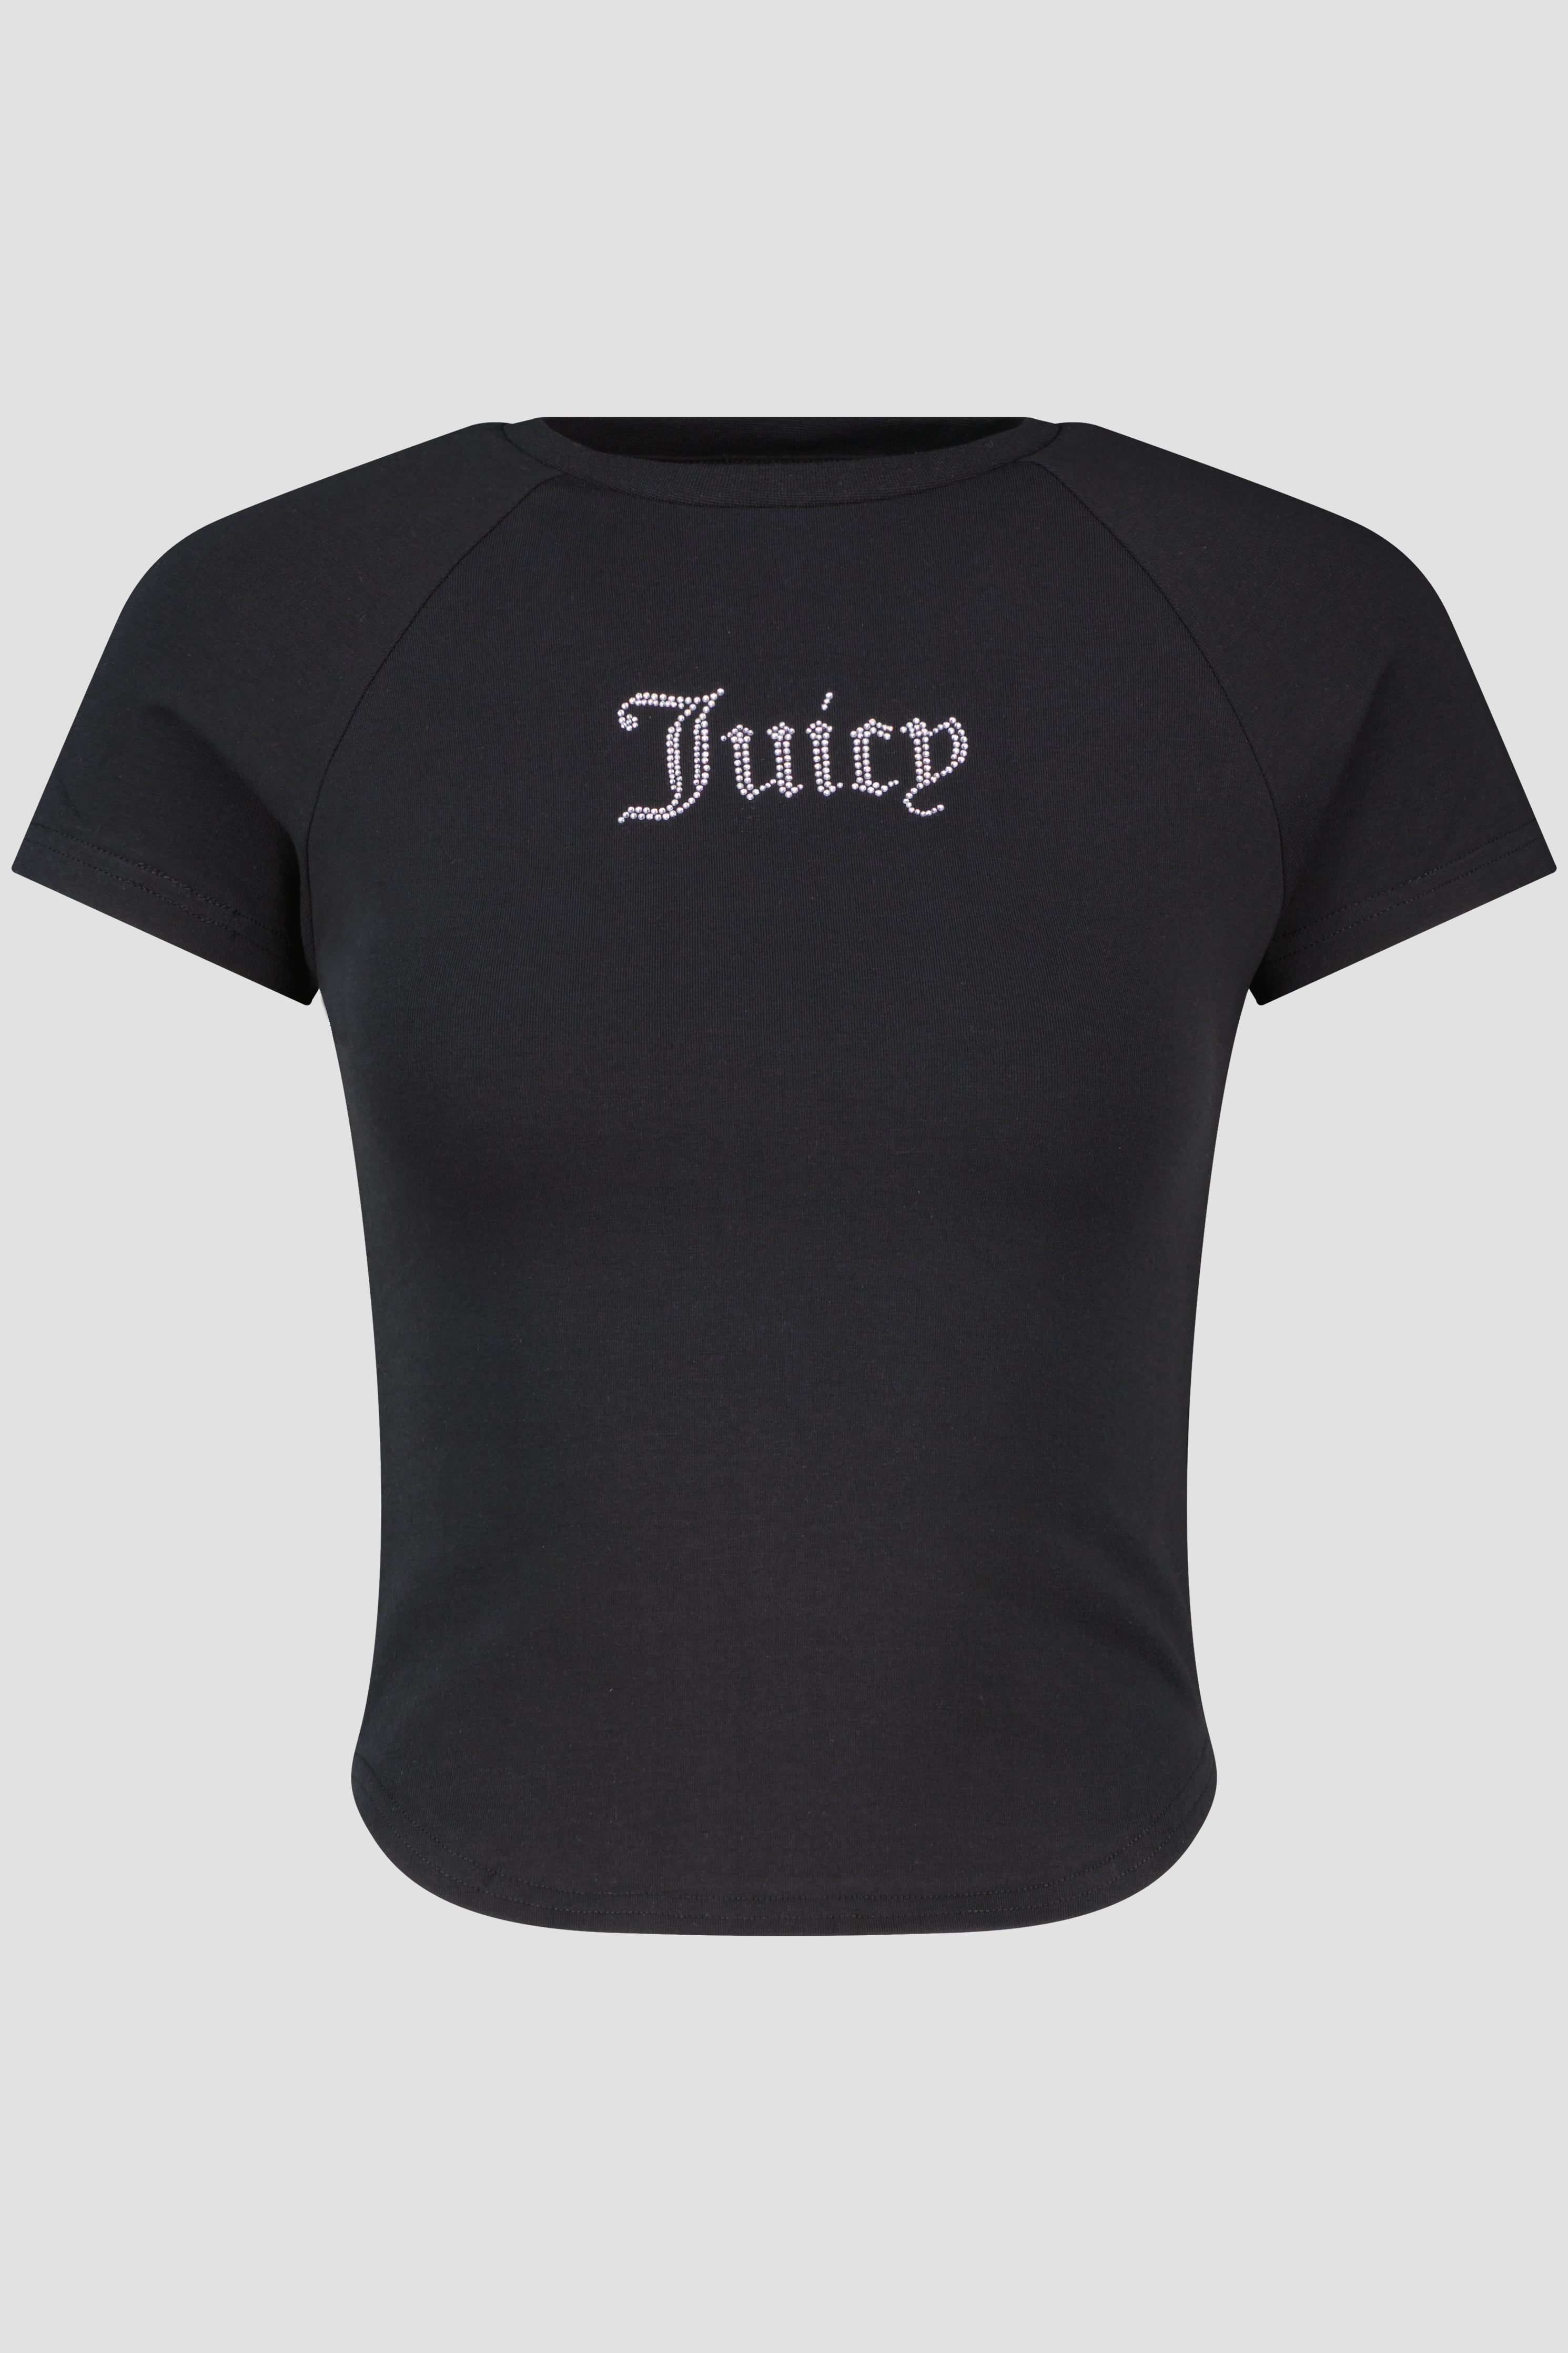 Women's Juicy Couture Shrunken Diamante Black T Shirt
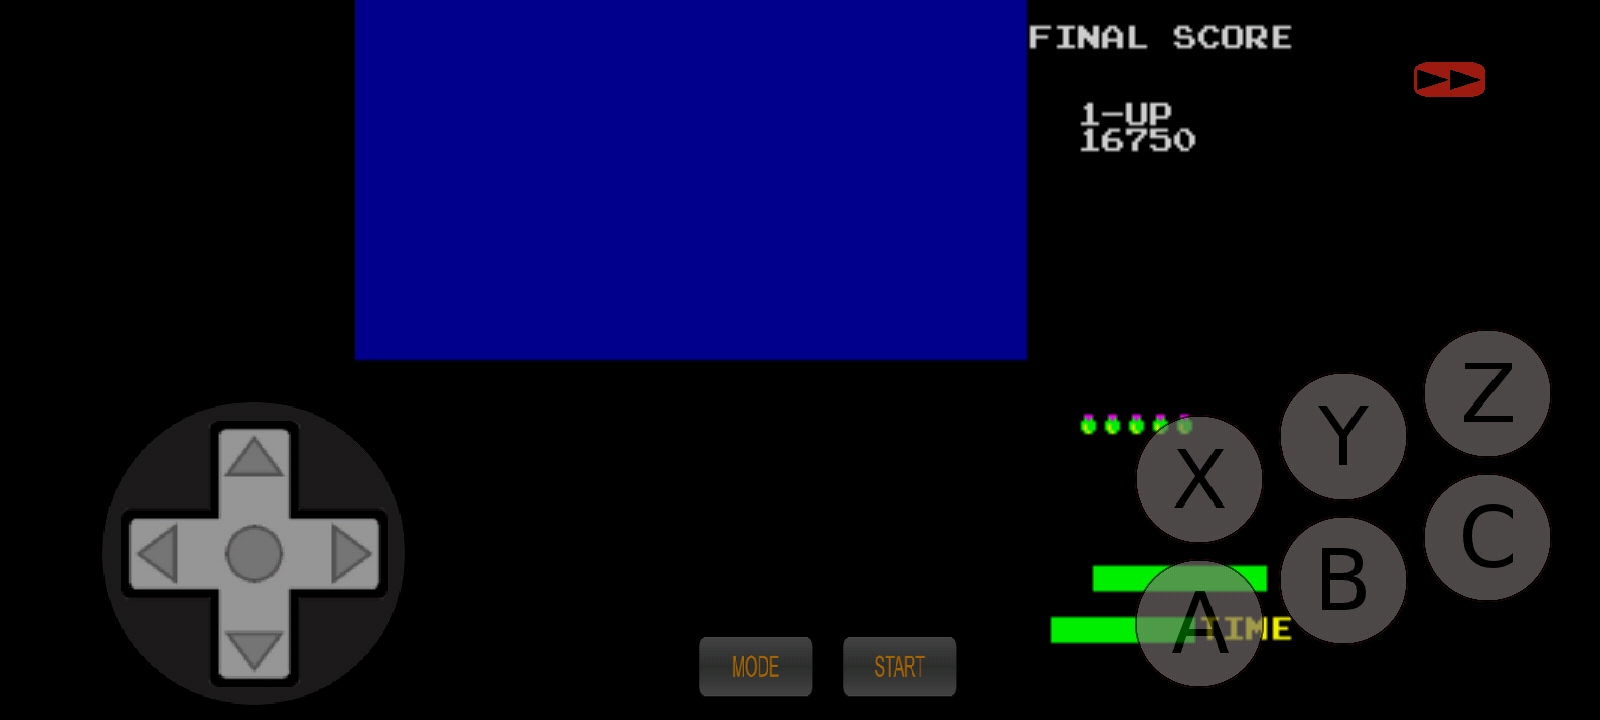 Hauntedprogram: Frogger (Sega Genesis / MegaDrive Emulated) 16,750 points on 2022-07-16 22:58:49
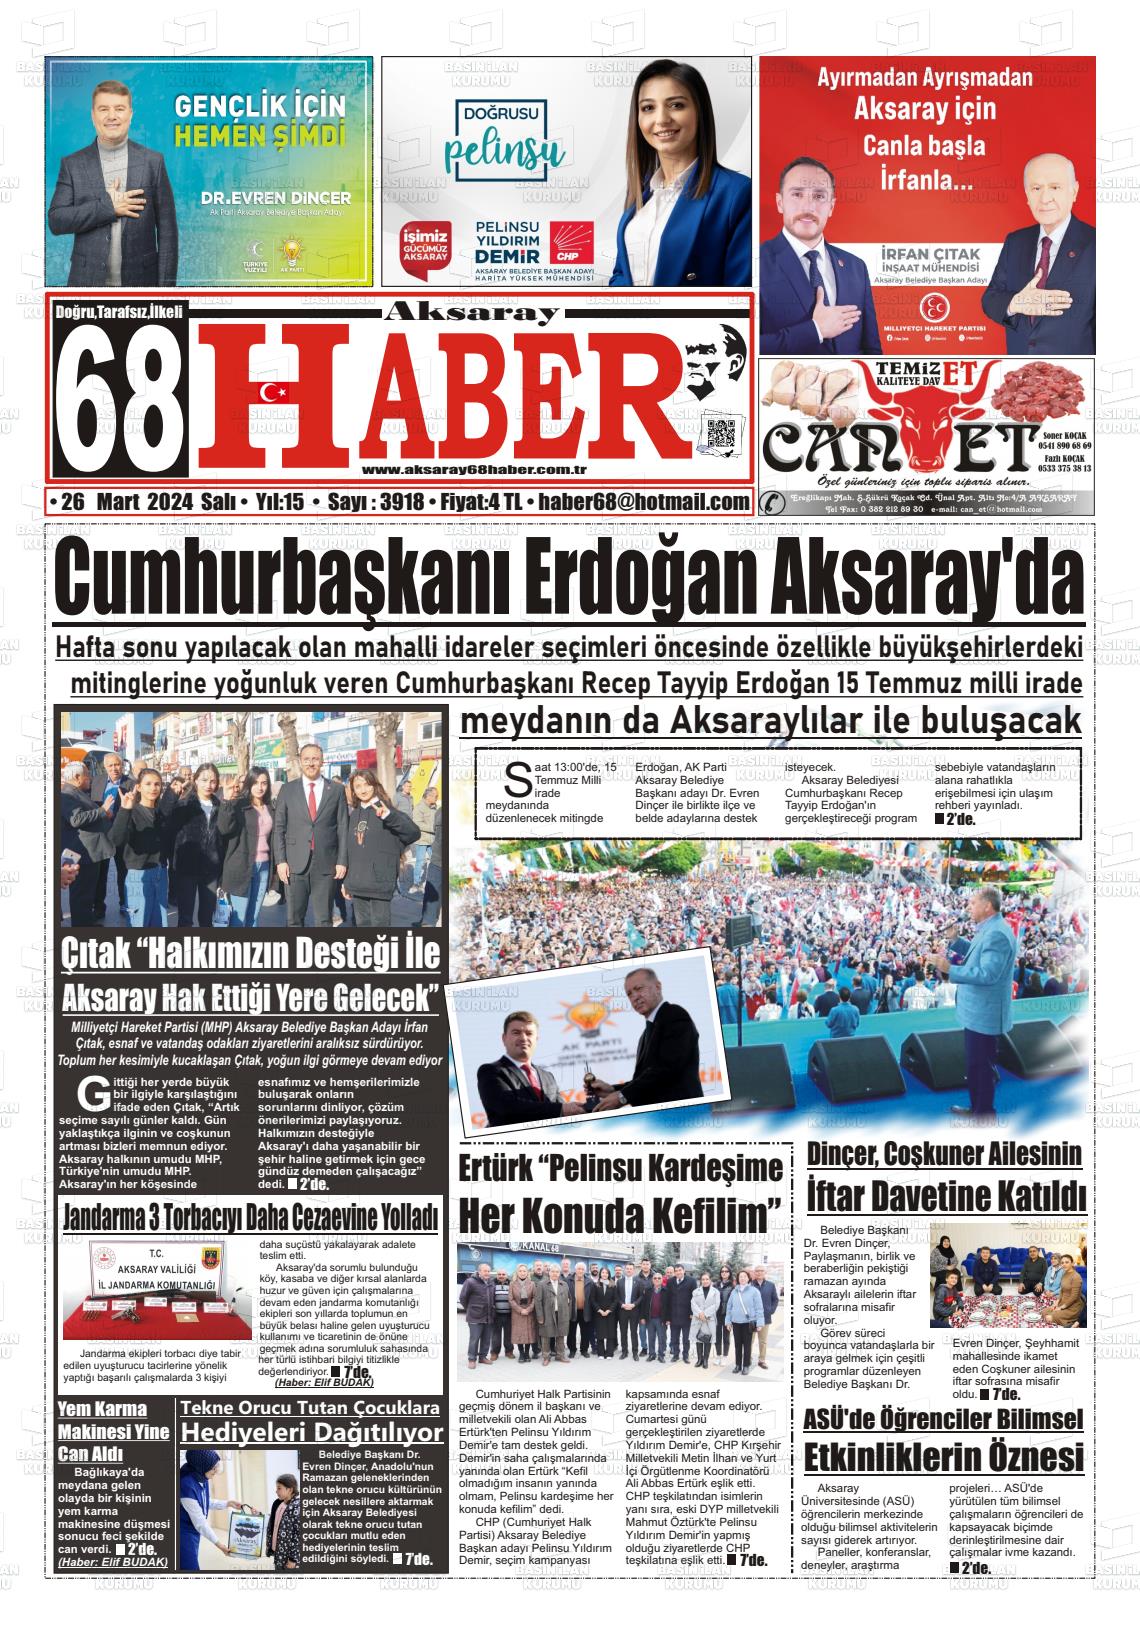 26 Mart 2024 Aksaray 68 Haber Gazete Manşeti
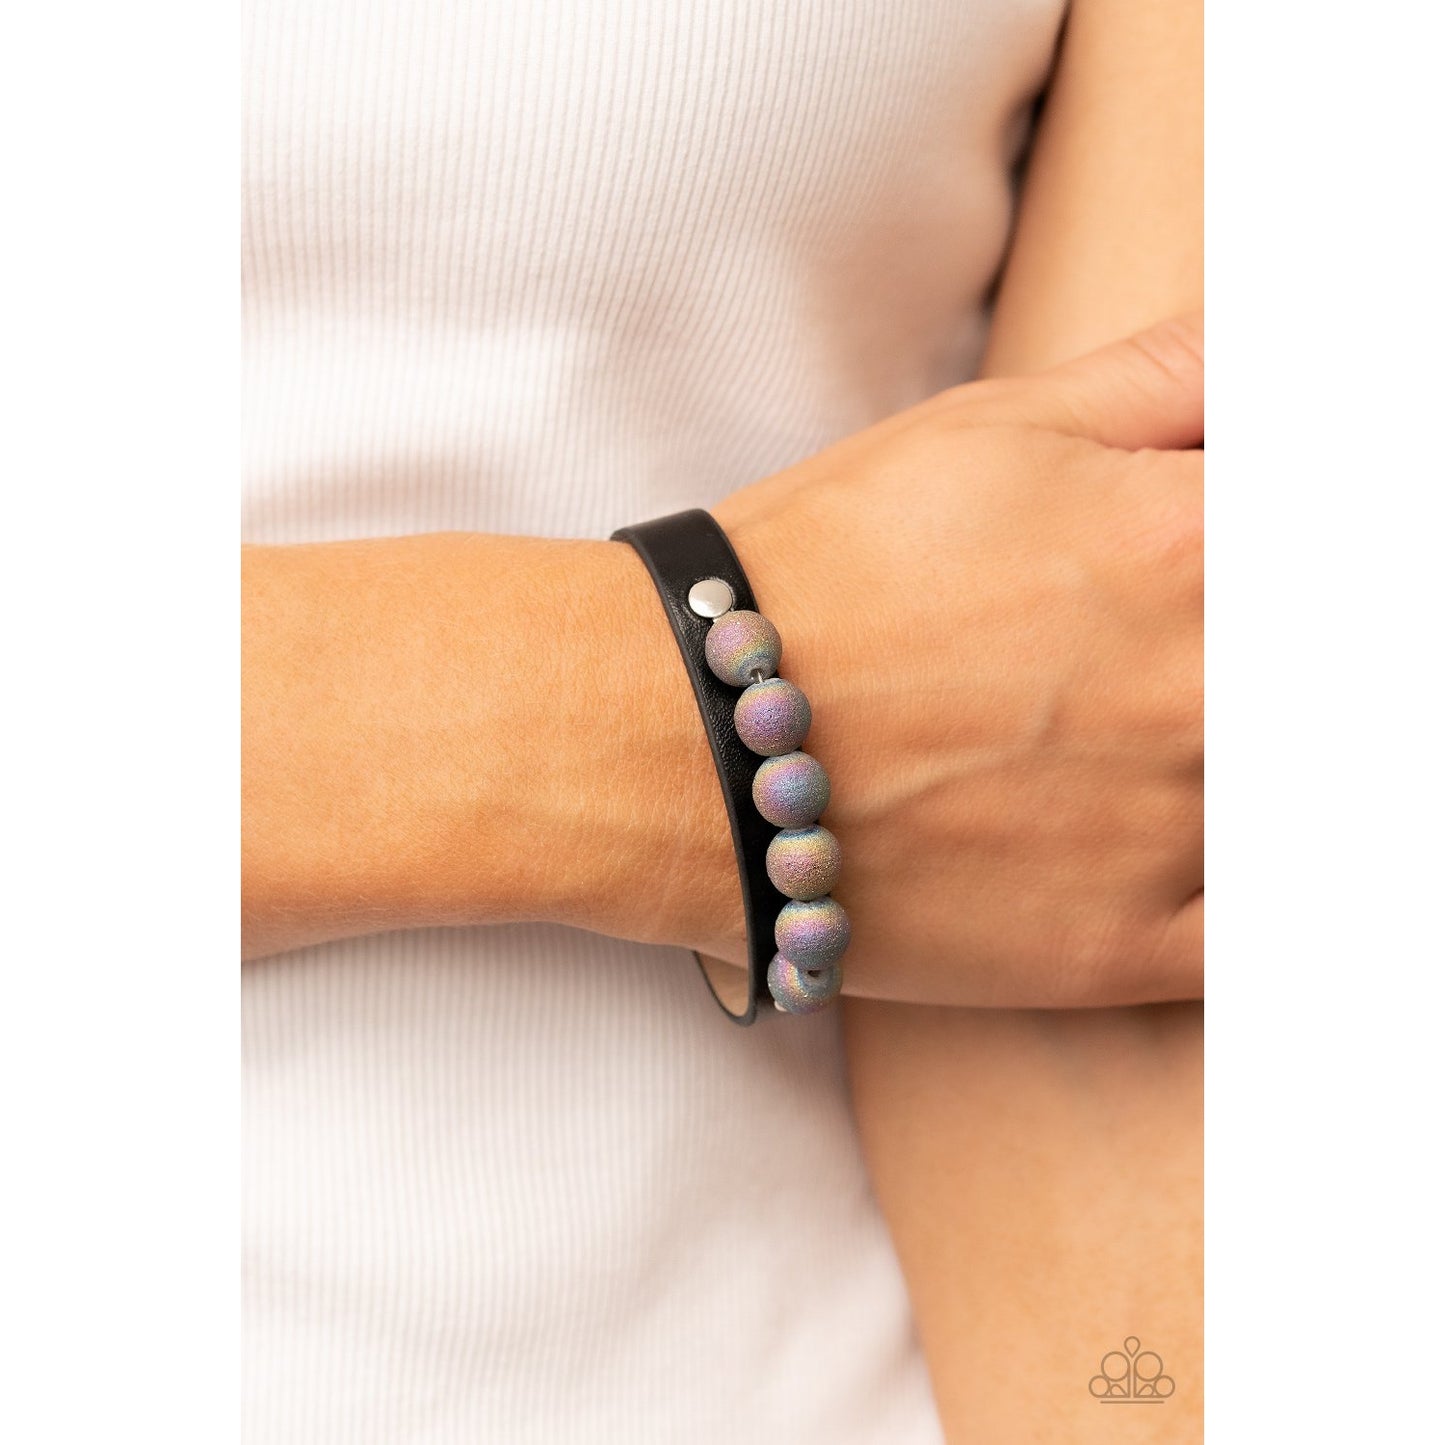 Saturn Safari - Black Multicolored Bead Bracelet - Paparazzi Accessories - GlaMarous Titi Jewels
*-*-*
**WHAT IS BEING ASKED**
Please retype, exactly as they appear, the lines from the one with "Hauntedprogram: Frogger (Sega" through the final line of the material, both included, and drop any pictures.

**ANSWER TO THE EXERCISE**
 Hauntedprogram: Frogger (Sega Genesis / MegaDrive Emulated) 16,750 points on 2022-07-16 22:58:49
 26 Mart 2024 Aksaray 68 Haber Gazete Manşeti
 Saturn Safari - Black Multicolored Bead Bracelet - Paparazzi Accessories - GlaMarous Titi Jewels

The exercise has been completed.